I cant go to a data extraction company since they charge too much (do they?). Please let me know if you're aware of any applications that can match those requrements.

Any help guys! Thanks!

Erni
12-05-2008, 08:32 PM
You are right - the problem can't be solved easily. To collect data from each source is not a problem, but to bring this all to one format is a unique job. I'm looking for such service.
In my mind it could be an online service which is told what pages to grab and aoutomatically cut required info form them with sending results via email for example.
May be someone already found this?

itsallkizza
12-05-2008, 09:16 PM
I could build one for your specific needs without too much problem. All this project really needs is a one-time effort of visiting each of your pages and locating exactly where the data is displayed on each page.

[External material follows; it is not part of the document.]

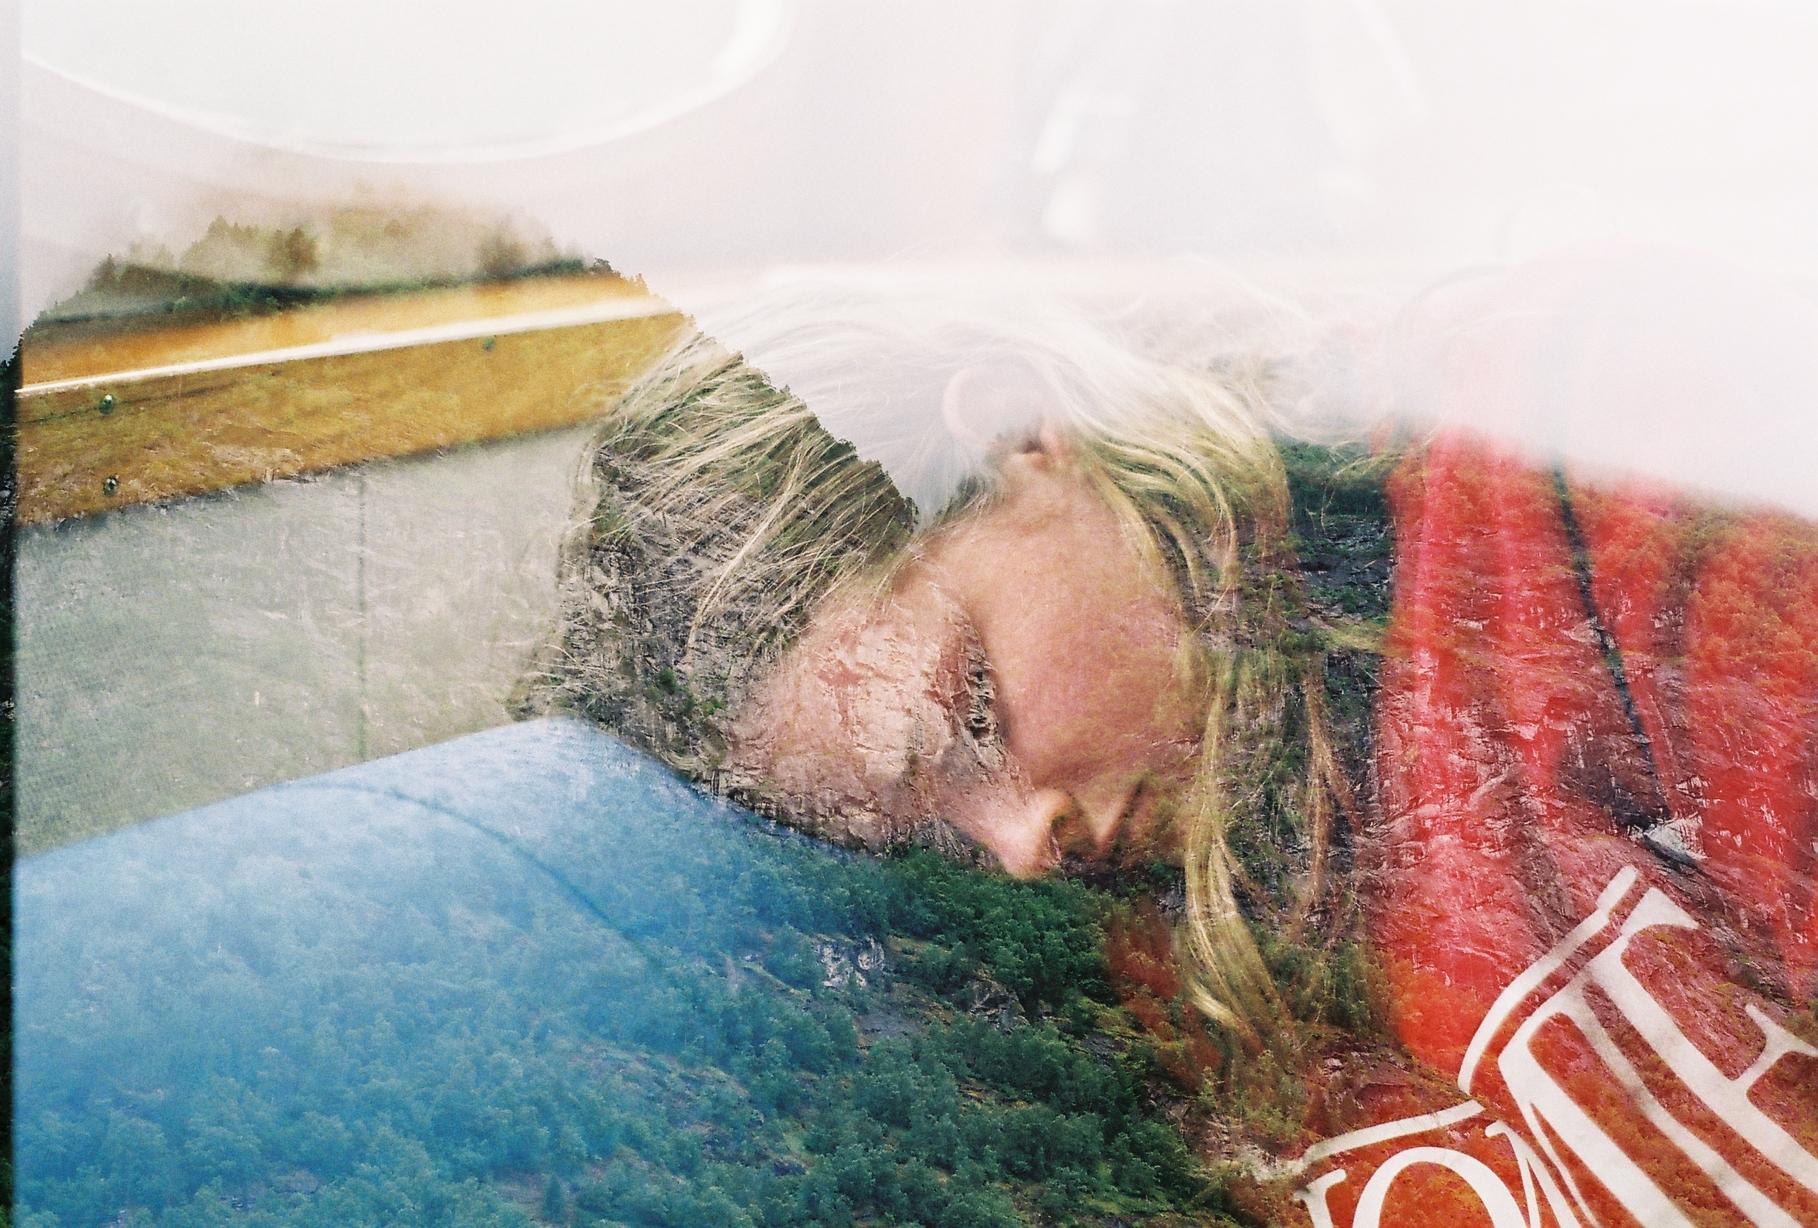 fjord in slumber

After that, the only maintenance required would be to check your results every so often to make sure the source website(s) haven't changed the location/method of output.

Feel free to email me if you want a faster response.

oesxyl
12-05-2008, 11:29 PM
Hey!

Im new over here, so a small introduction. I am from Canada, Toronto, and run a small financially focused website.

The problem - many financial insitutions publish their data online, and update it on daily basis. There are over 60 institutions, and to follow each one is very challenging. I want to create a summary page with financial data from those institutions. Release a spider once a day, get their updates, and then post them all together on the website.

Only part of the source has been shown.